Options for Execution
Murderers who are executed are given an option of how they’d like to be executed (options vary by state), a luxury that wasn’t afforded by their victims. CHOICES MAY INCLUDE:
Lethal injection (81% since 1976)
Electrocution (16%)-9 states
Lethal Gas (1.1%)-Only available in Arizona, California, Missouri & Wyoming Hanging (0.3%)-Only available in Delaware, New Hampshire, & Washington Firing Squad (0.2%)-Only available in Idaho & Oklahoma

Capital Punishment as a Deterrent

Some authorities believe that increasing the number of executions will also increase the deterrence rate.

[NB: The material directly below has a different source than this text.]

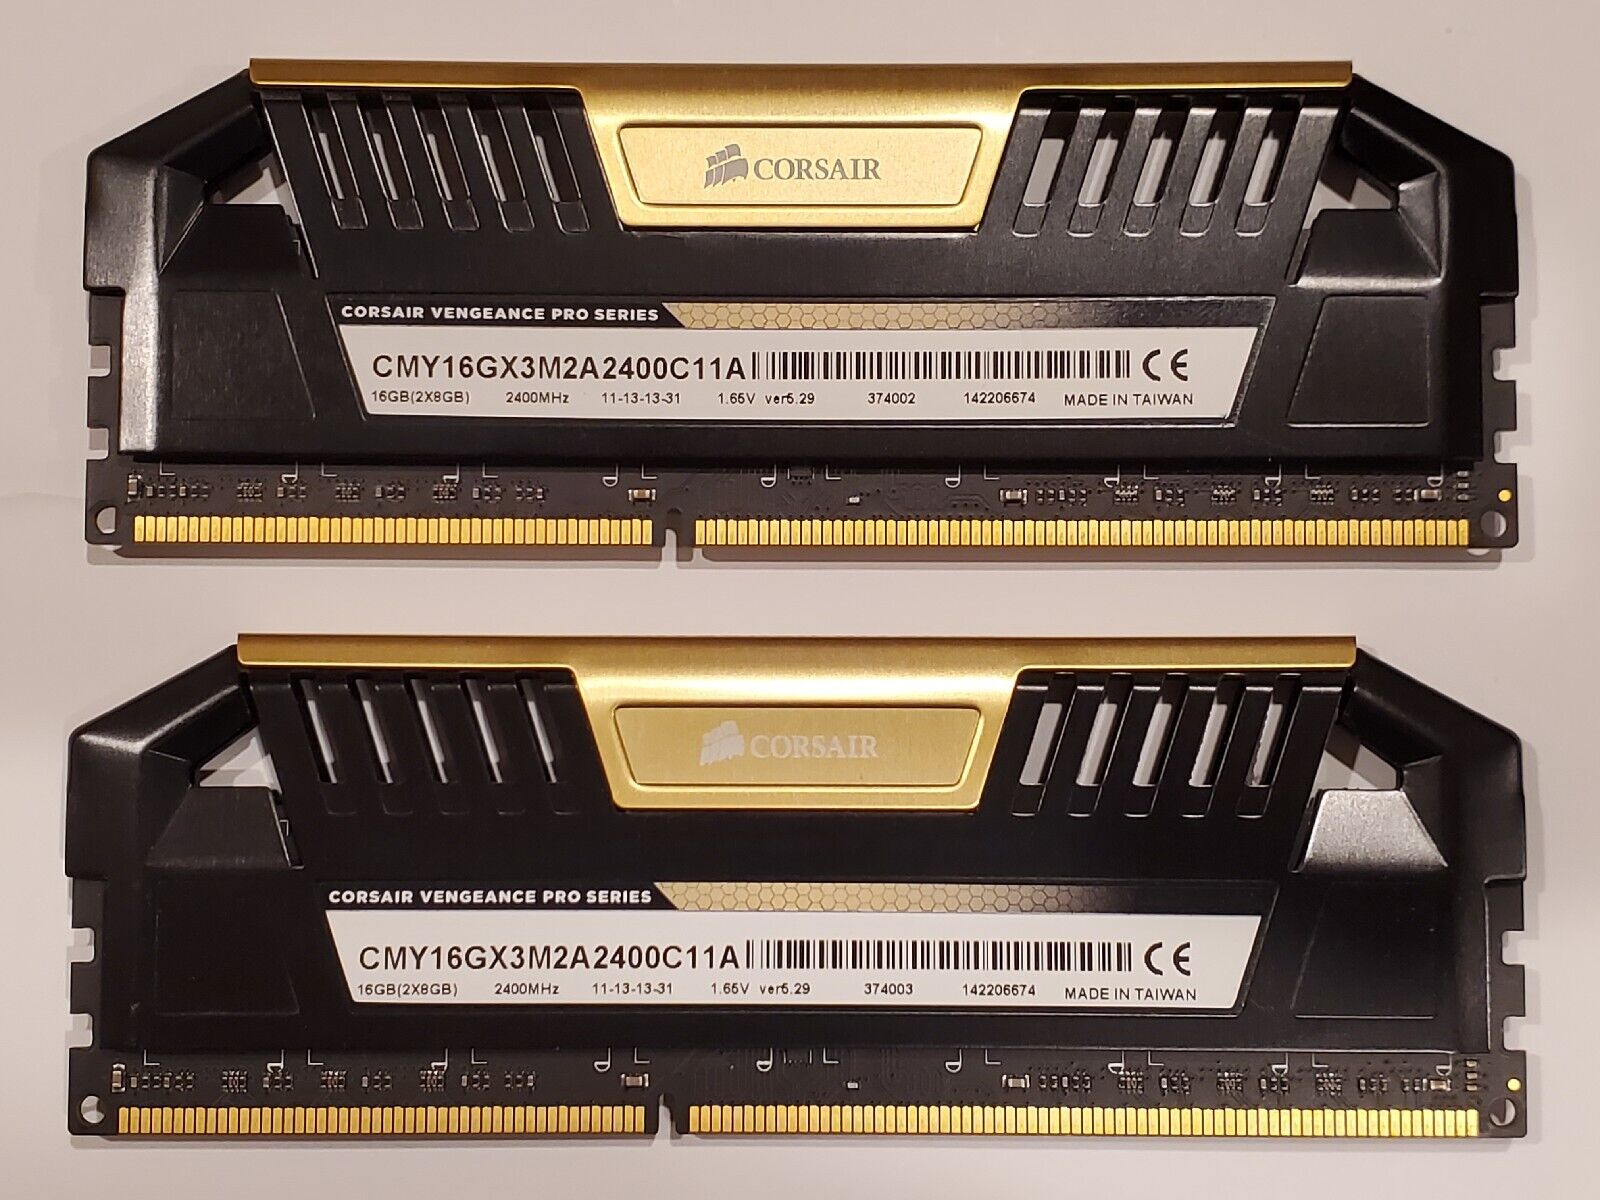 CORSAIR VENGEANCE Pro GOLD 16GB (2x8GB) 2400 MHz DDR3 (CMY16GX3M2A2400C11A)

“Legal academics, such as Professors Cass Sunstein and Adrian Vermeule, both of the University of Chicago, find the new deterrence evidence “powerful” and “impressive.” They couple it with “many decades of reliable data about [capital punishment’s deterrent effects” as the “foundation” of their argument, which holds that since “capital punishment powerfully deters killings,” there is a moral imperative to aggressively prosecute capital crimes.” Most of the studies fail to account for incarceration rates or life sentences, factors that may drive down crime rates via deterrence or incapacitation; one study that does so finds no effects of execution and a significant effect of prison conditions on crime rates. Another report shows incarceration effects that dwarf the deterrent effects of execution.

Many also argue that these studies fail to show the influence of drug usage and drug epidemics have on the rates of crimes. These social factors have shown to be reliable indicators in crime rate fluctuations.

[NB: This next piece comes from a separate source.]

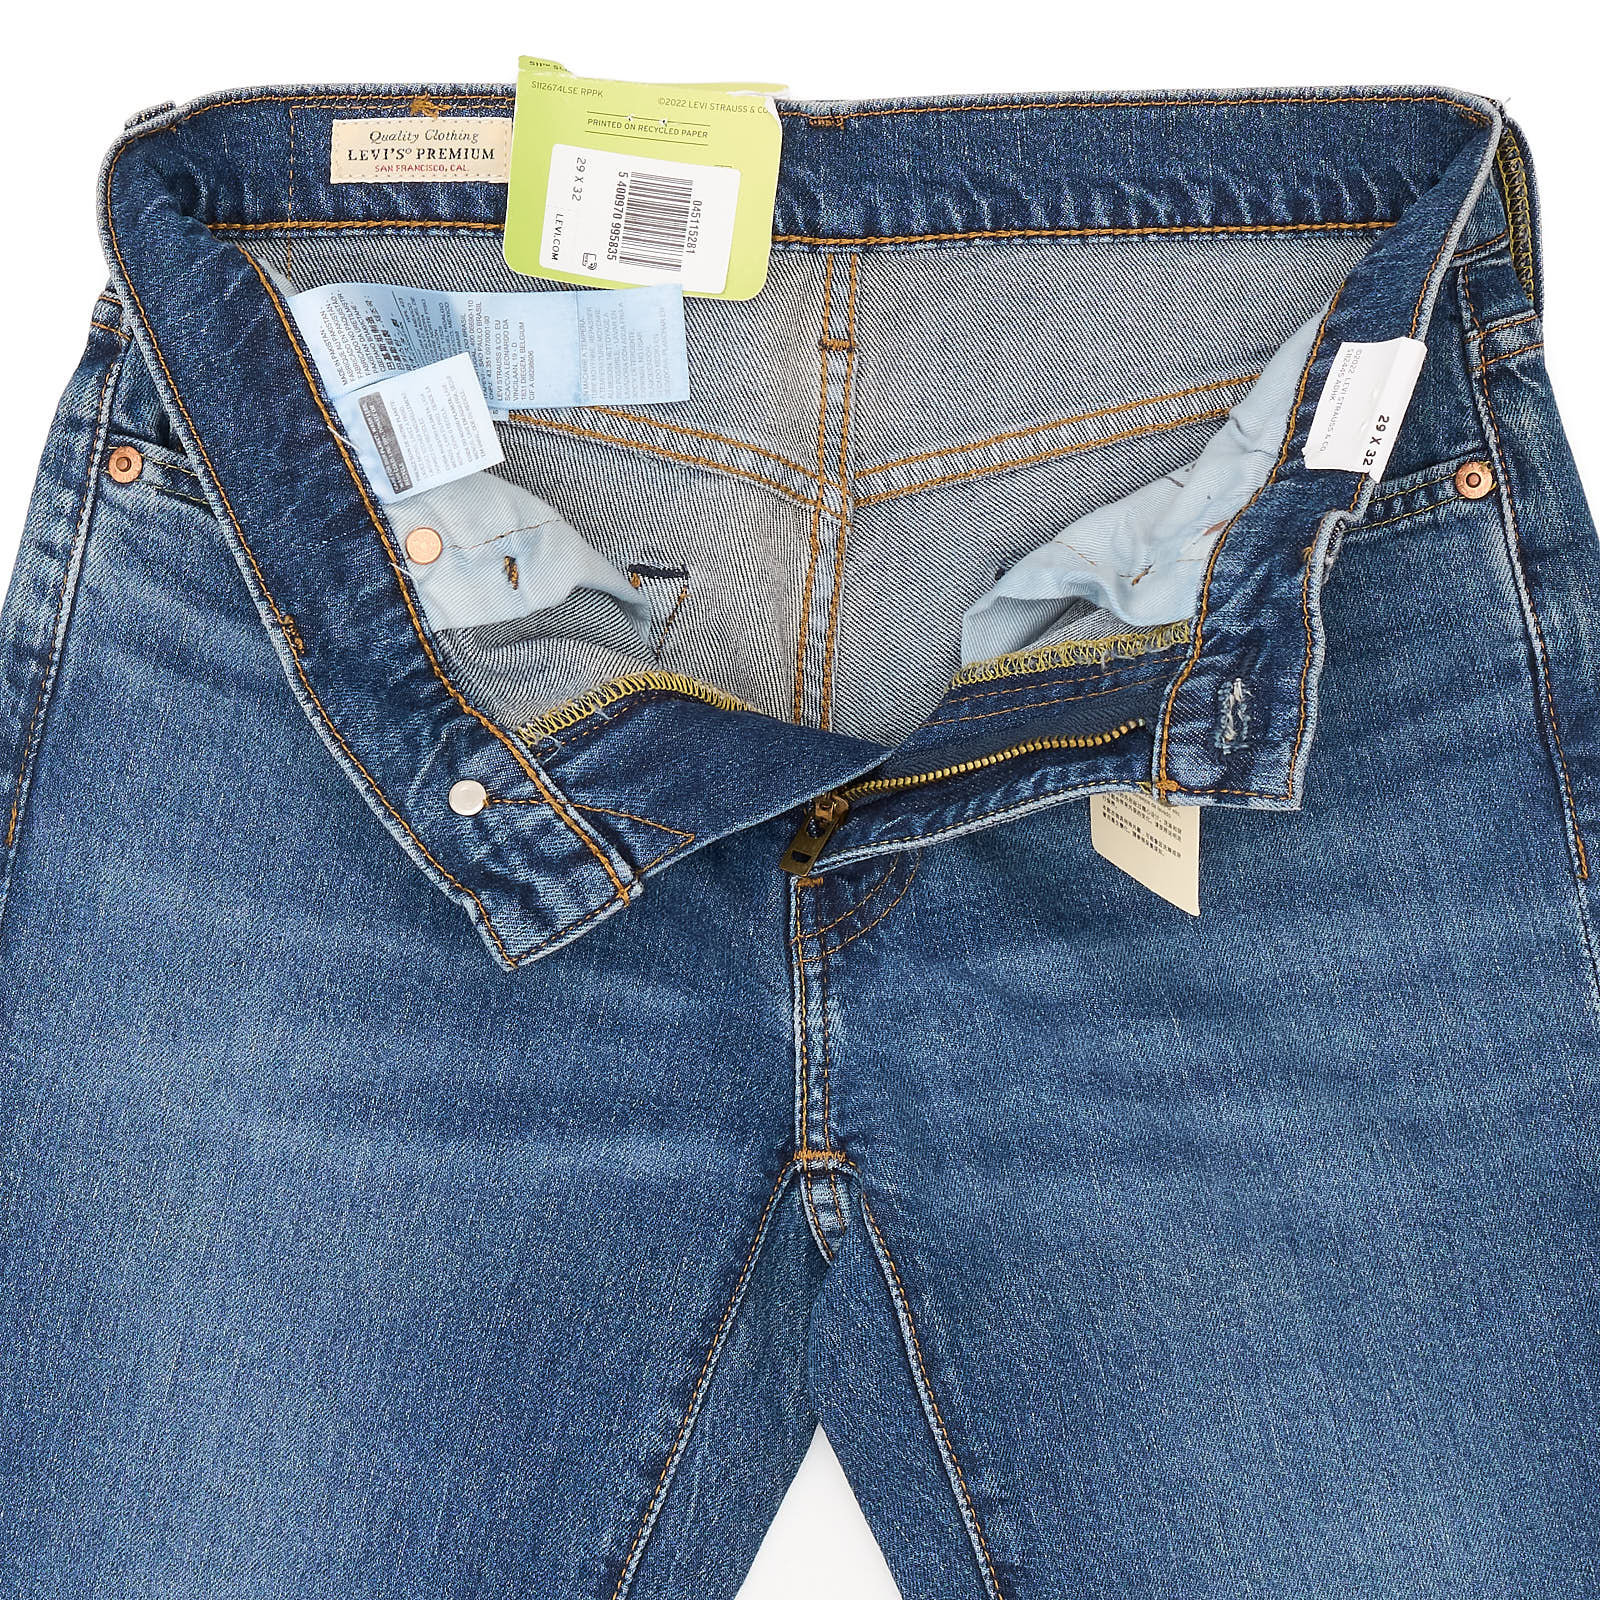 LEVI'S Premium 511 Slim Flex Eco Performance Lyocell Big E Jeans NEW W29 L32

As this information shows, the variables involved in gauging how much deterrence comes from the death penalty are many. In a given area variables can include crime and drug rates, age and race demographics, region and surrounding regional influences. All of these influences can exacerbate or mitigate the true value of anyone influence factor.

An argument against the evidence that shows states with the death penalty have higher crime rates is that those states have, because of the social stats of their states’ population, a higher crime rate due to urbanization or demographics and therefor have the death penalty to combat it; not the other way around. With the amount of variables in determining crime rate and prevalence of it, much misconstrued bits of info can be wrongly tied to certain facts or arguments. When looking at info and seeing that states with death penalty have higher crime rate it can seem that one is directly related to the other. However, looking at it this info with this simplicity is not proper or logical. It can also be logical to think that –

– the death penalty is in place BECAUSE of the predominance of crime. Using it to combat the rates of crime and drug usage and influence can be a good deterrent.

“During the temporary suspension on capital punishment from 1972-1976, researchers gathered murder statistics across the country. In 1960, there were 56 executions in the USA and 9,140 murders. By 1964, when there were only 15 executions, the number of murders had risen to 9,250. In 1969, there were no executions and 14,590 murders, and 1975, after six more years without executions, 20,510 murders occurred rising to 23,040 in 1980 after only two executions since 1976. In summary, between 1965 and 1980, the number of annual murders in the United States skyrocketed from 9,960 to 23,040, a 131 percent increase. The murder rate — homicides per 100,000 persons — doubled from 5.1 to 10.2. So the number of murders grew as the number of executions shrank.”

While this research may be considered “outdated” to some degree, and great deal of applicable knowledge can be gained from it. Without the death penalty in place, homicides increased tremendously.

Researcher Karl Spence of Texas A&M University said:
“While some [death penalty] abolitionists try to face down the results of their disastrous experiment and still argue to the contrary, the…[data] concludes that a substantial deterrent effect has been observed…In six months, more Americans are murdered than have killed by execution in this entire century…Until we begin to fight crime in earnest [by using the
death penalty], every person who dies at a criminal’s hands is a victim of our inaction.”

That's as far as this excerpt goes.